===== DATA PROVIDED

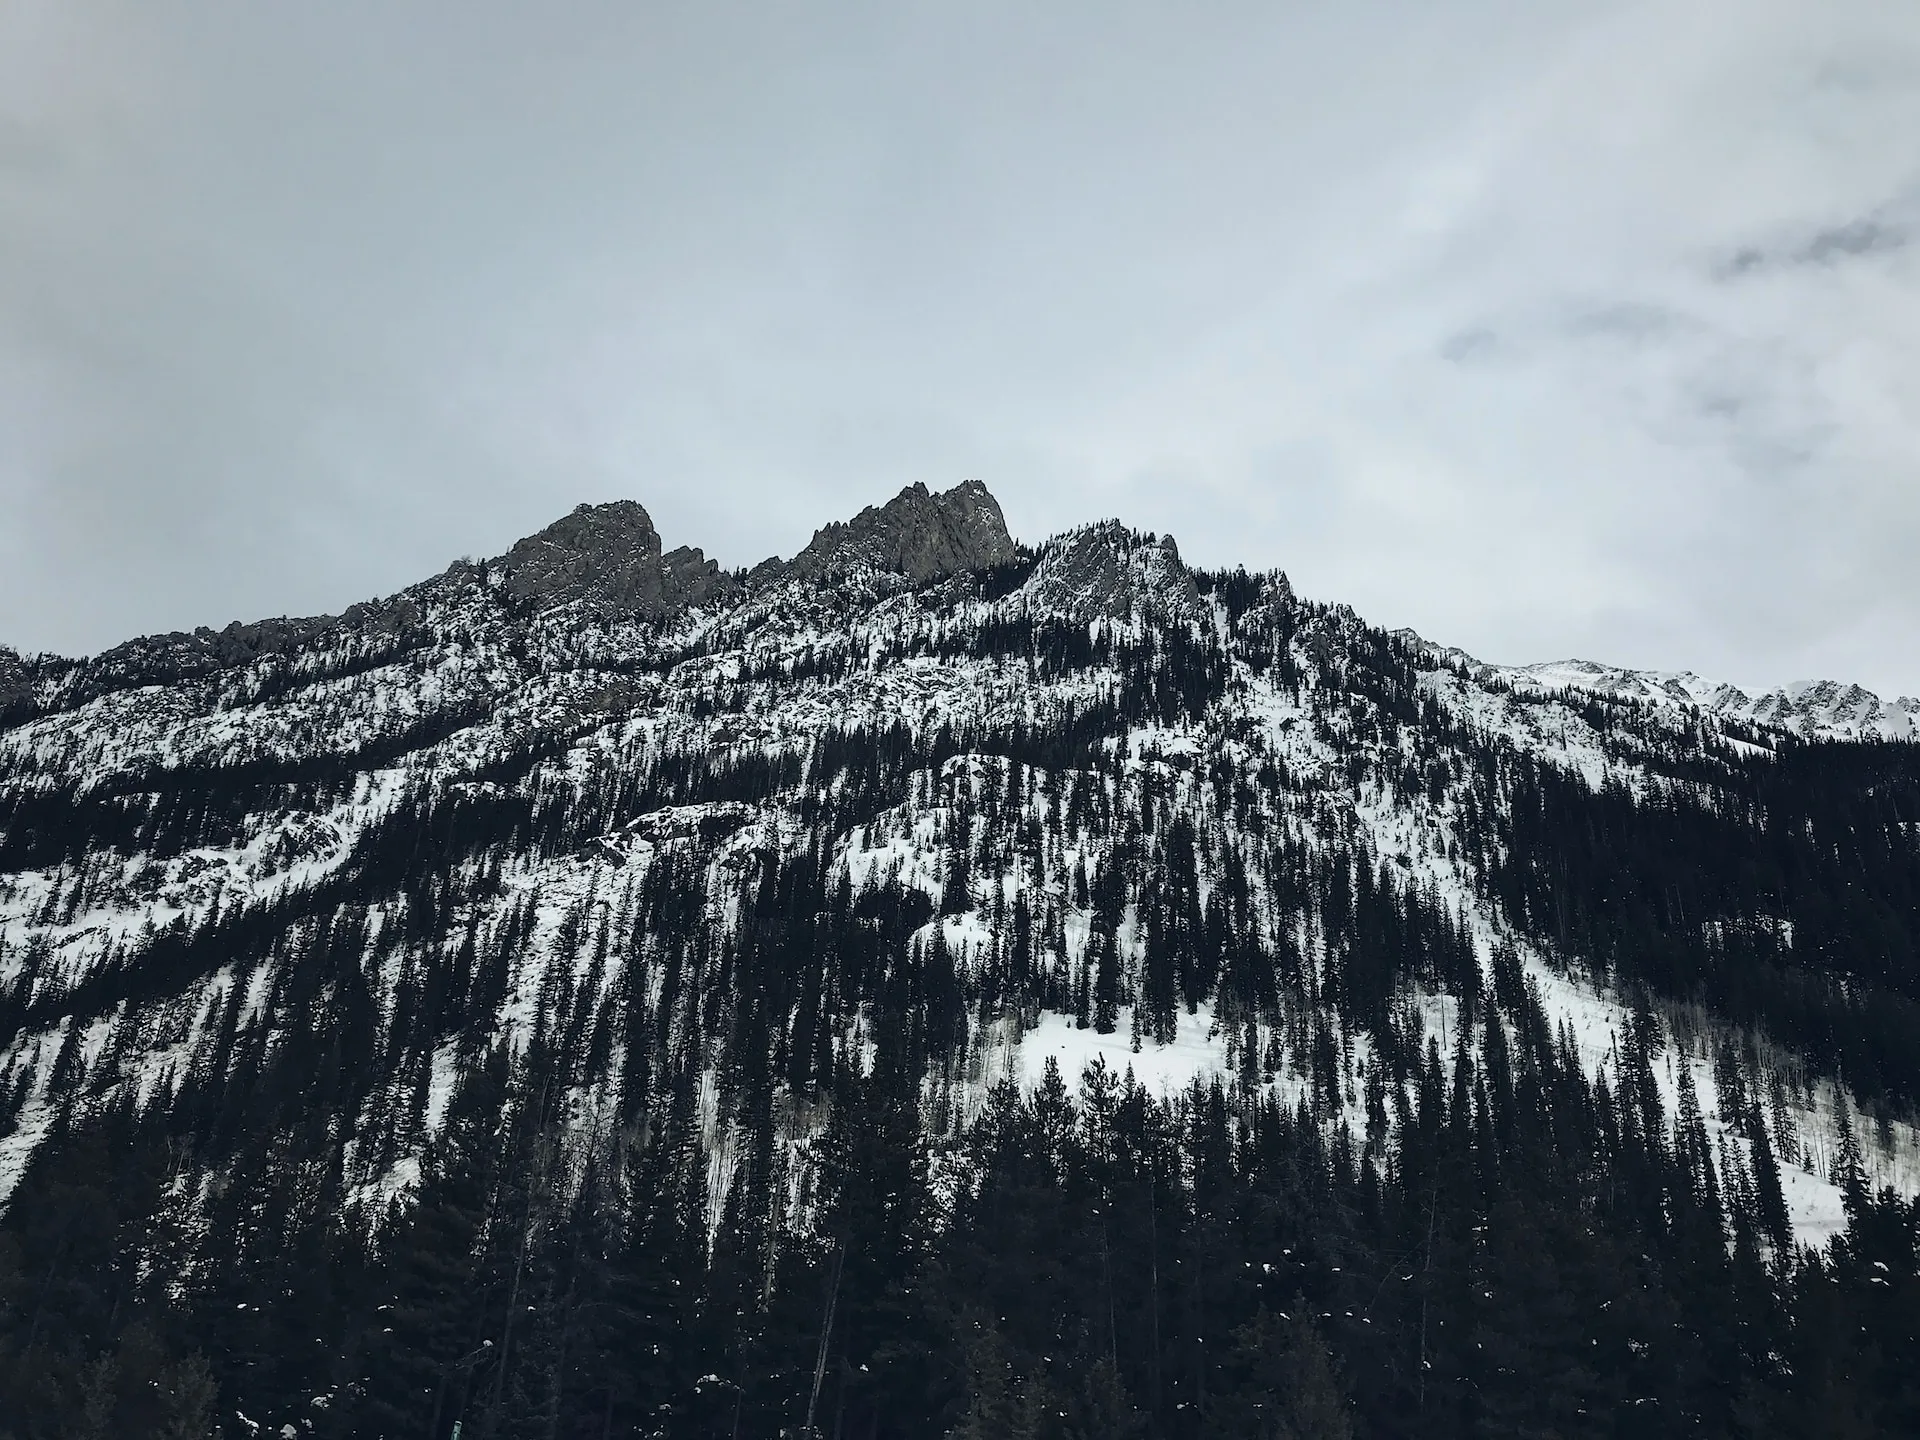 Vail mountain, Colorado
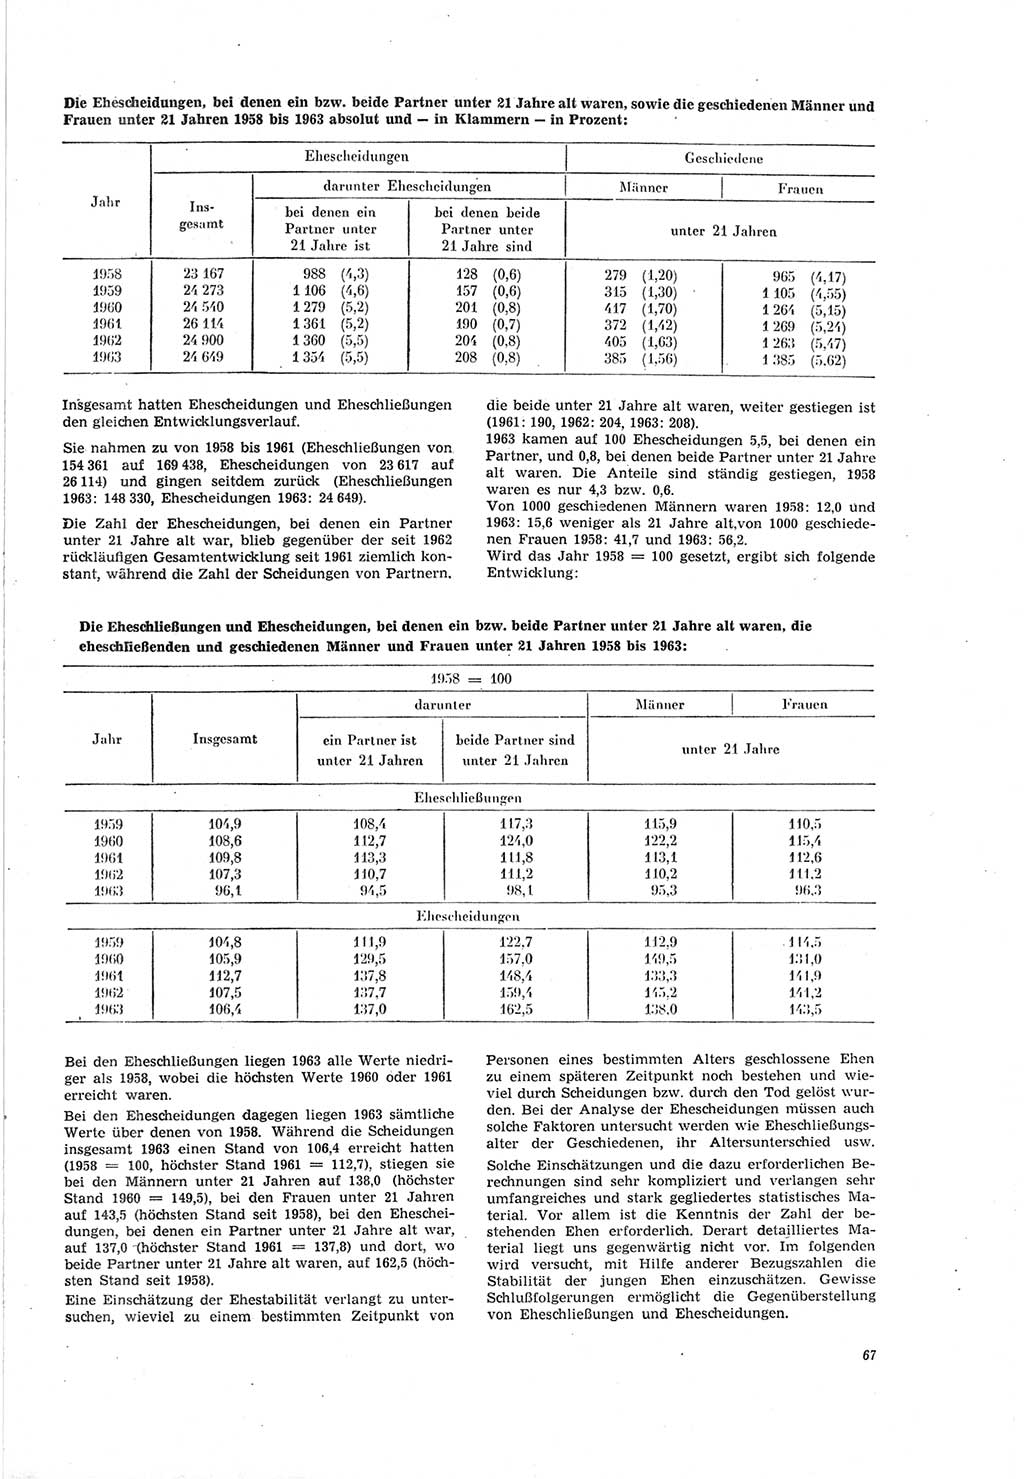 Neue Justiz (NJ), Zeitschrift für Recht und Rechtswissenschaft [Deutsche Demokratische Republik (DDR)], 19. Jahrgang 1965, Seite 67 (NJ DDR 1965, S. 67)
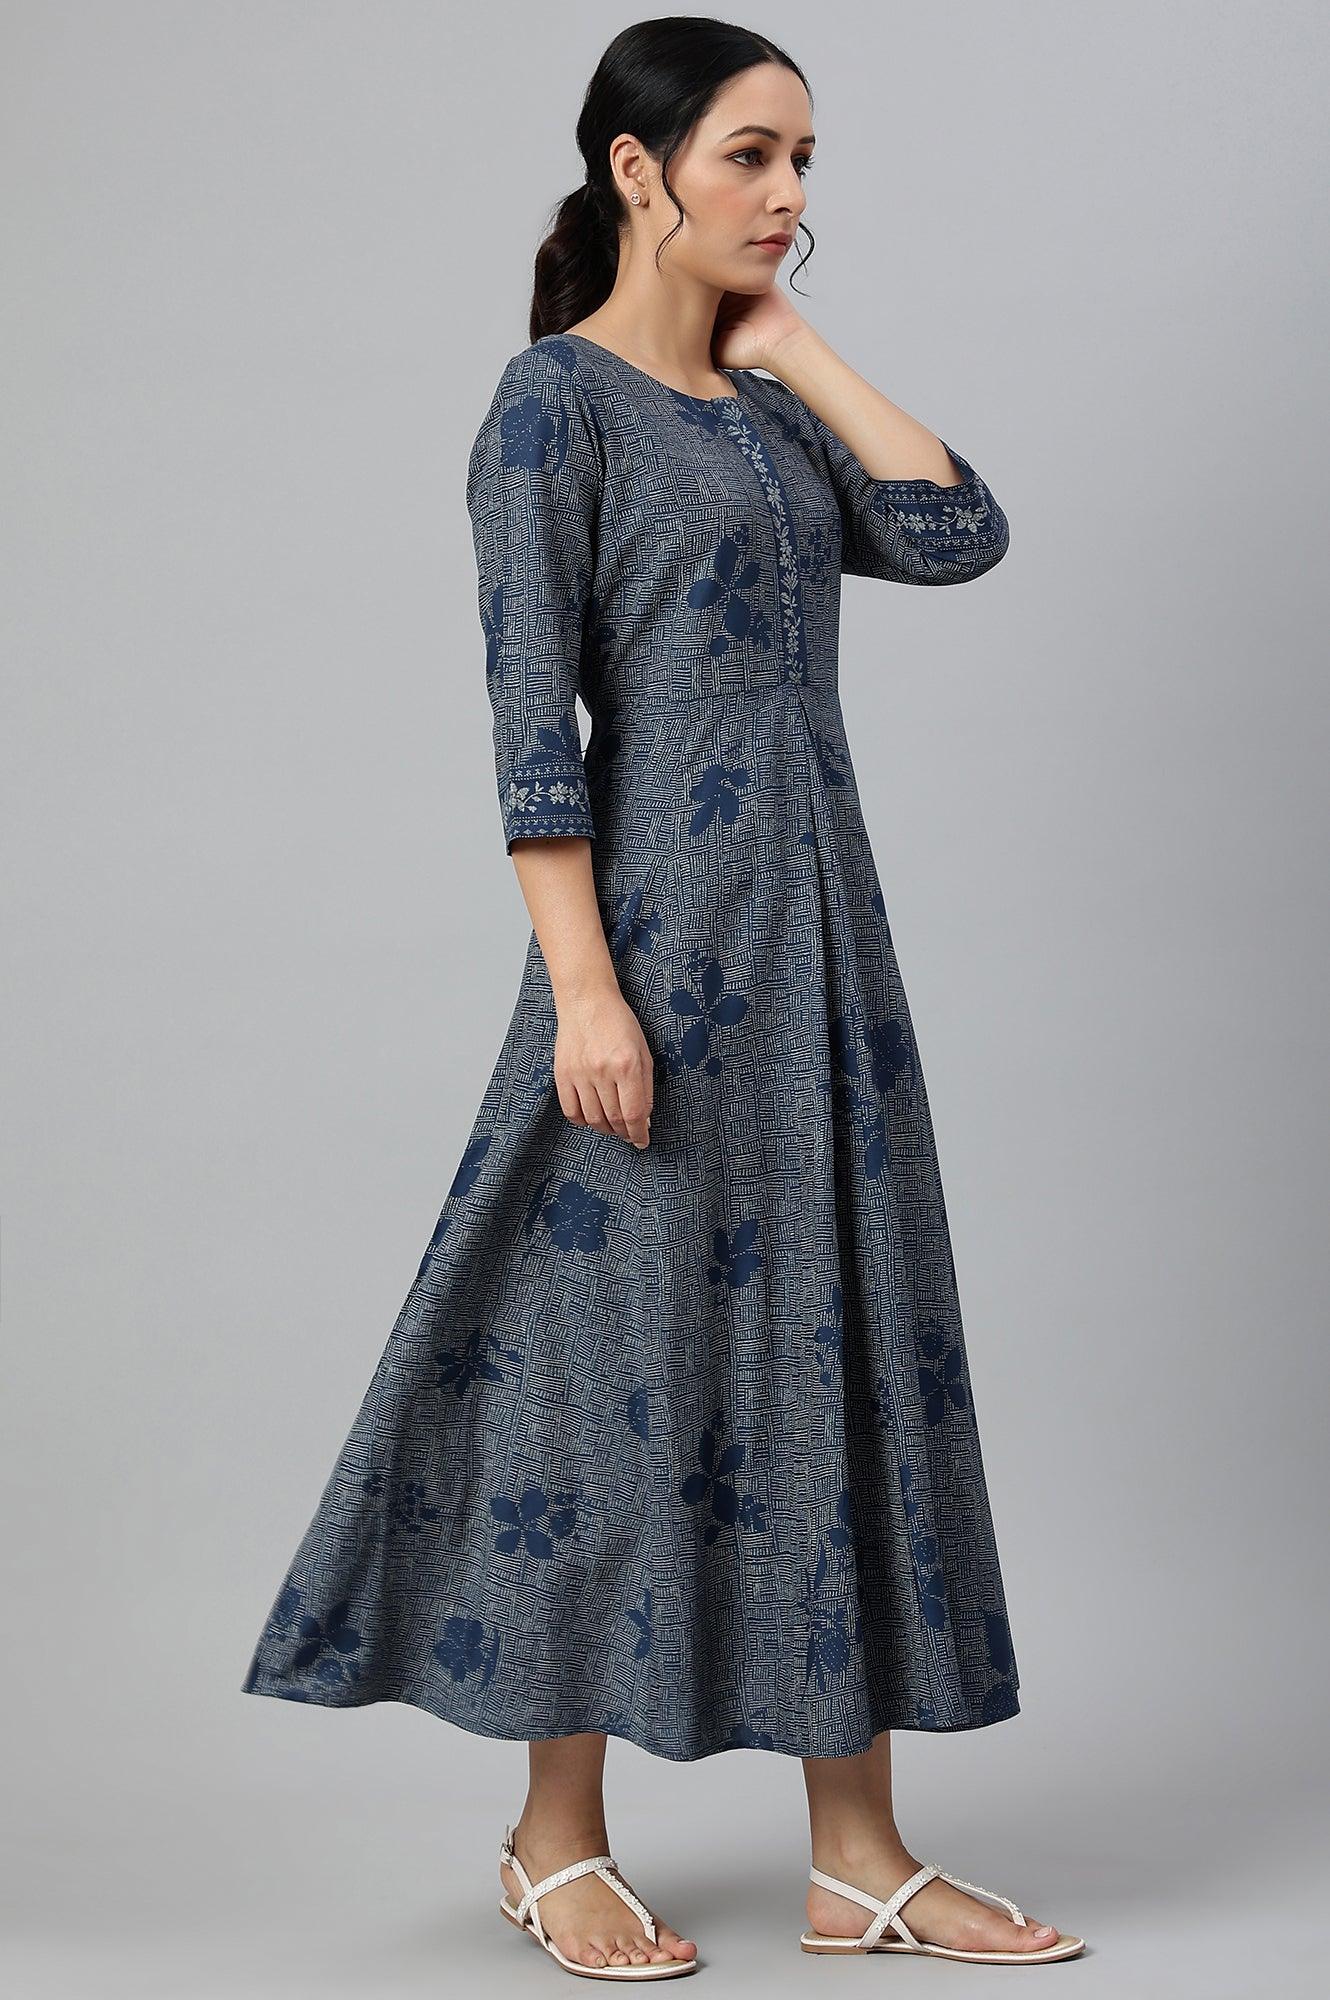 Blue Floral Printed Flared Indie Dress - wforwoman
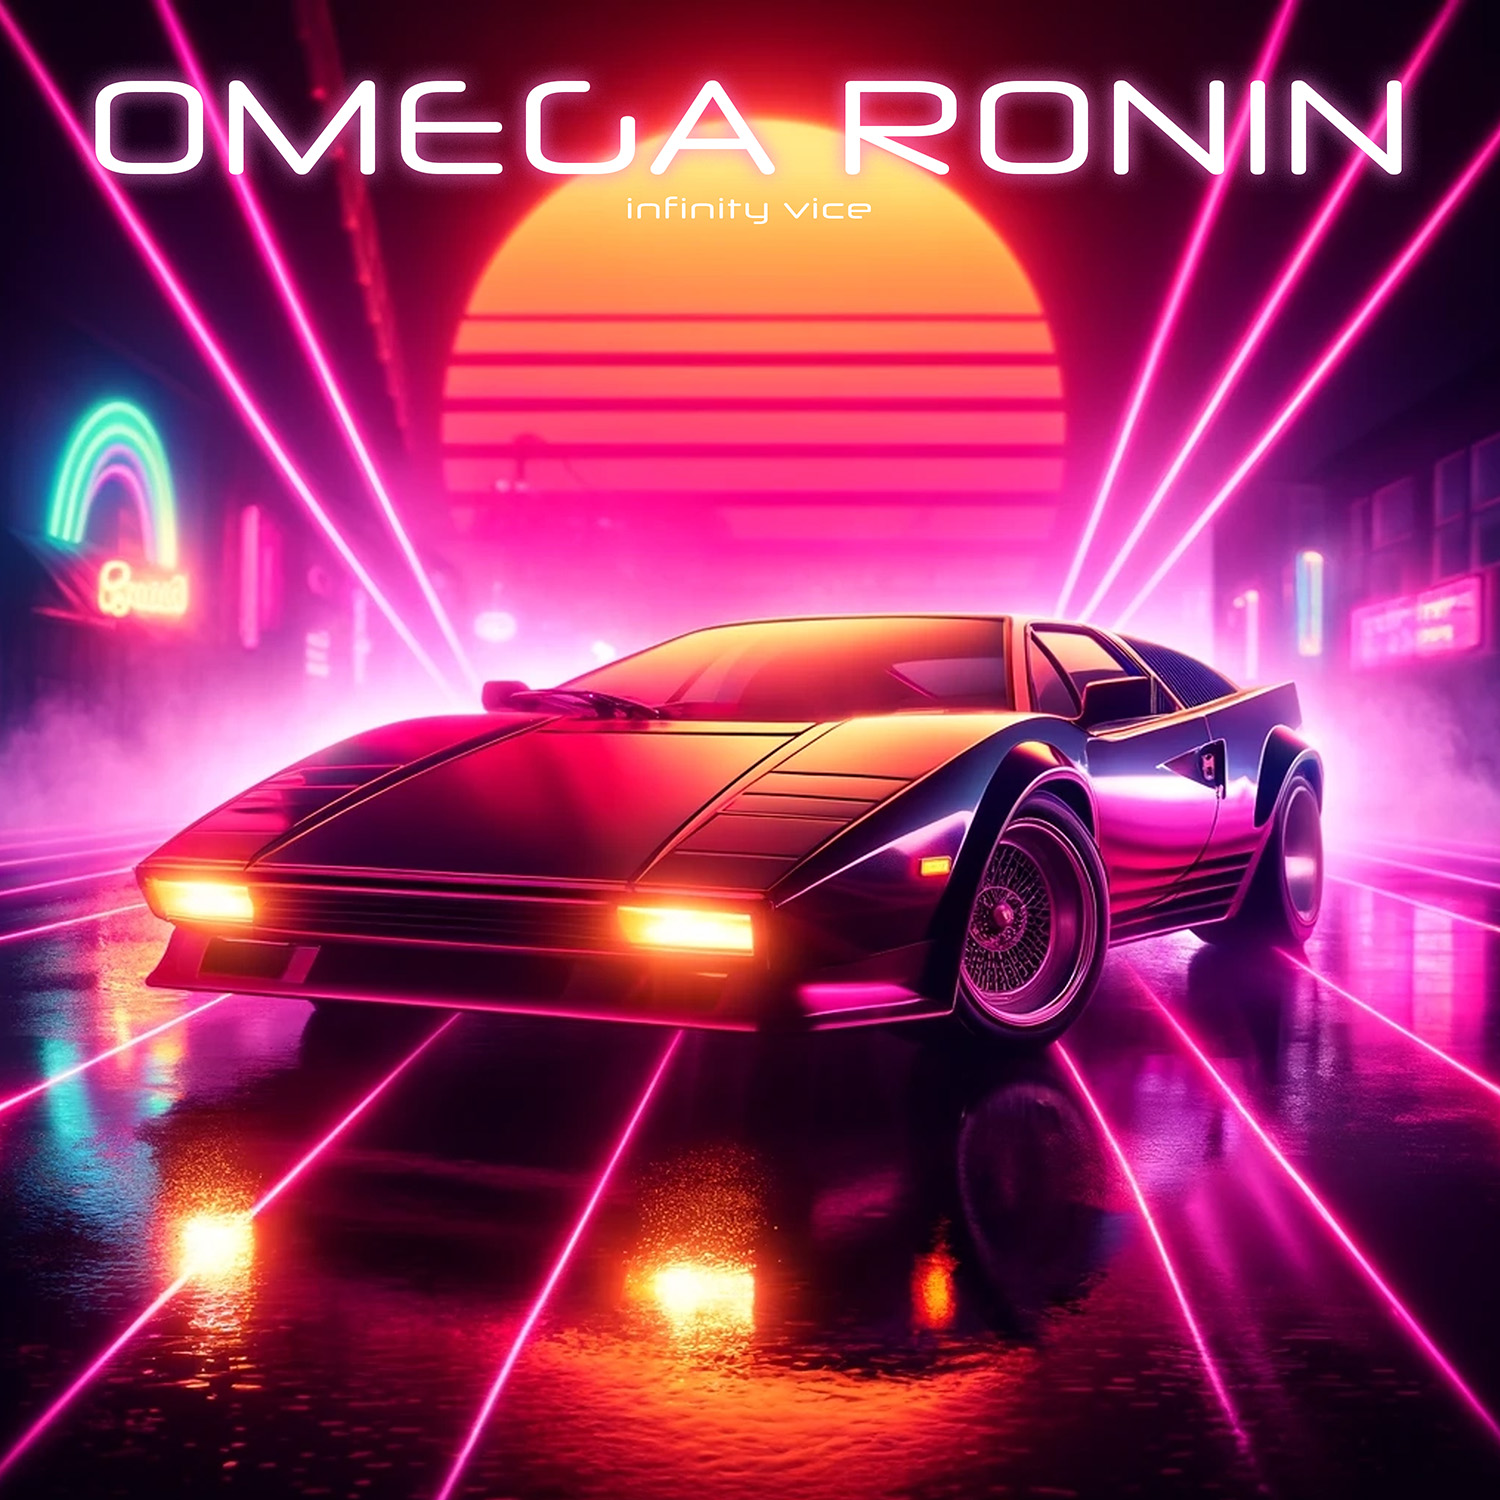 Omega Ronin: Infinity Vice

==========

PROBLEM: Exclude the images and output the lines above exactly.

TASK ANSWER:
 Vail mountain, Colorado
 Neue Justiz (NJ), Zeitschrift für Recht und Rechtswissenschaft [Deutsche Demokratische Republik (DDR)], 19. Jahrgang 1965, Seite 67 (NJ DDR 1965, S. 67)
 Blue Floral Printed Flared Indie Dress - wforwoman
 Omega Ronin: Infinity Vice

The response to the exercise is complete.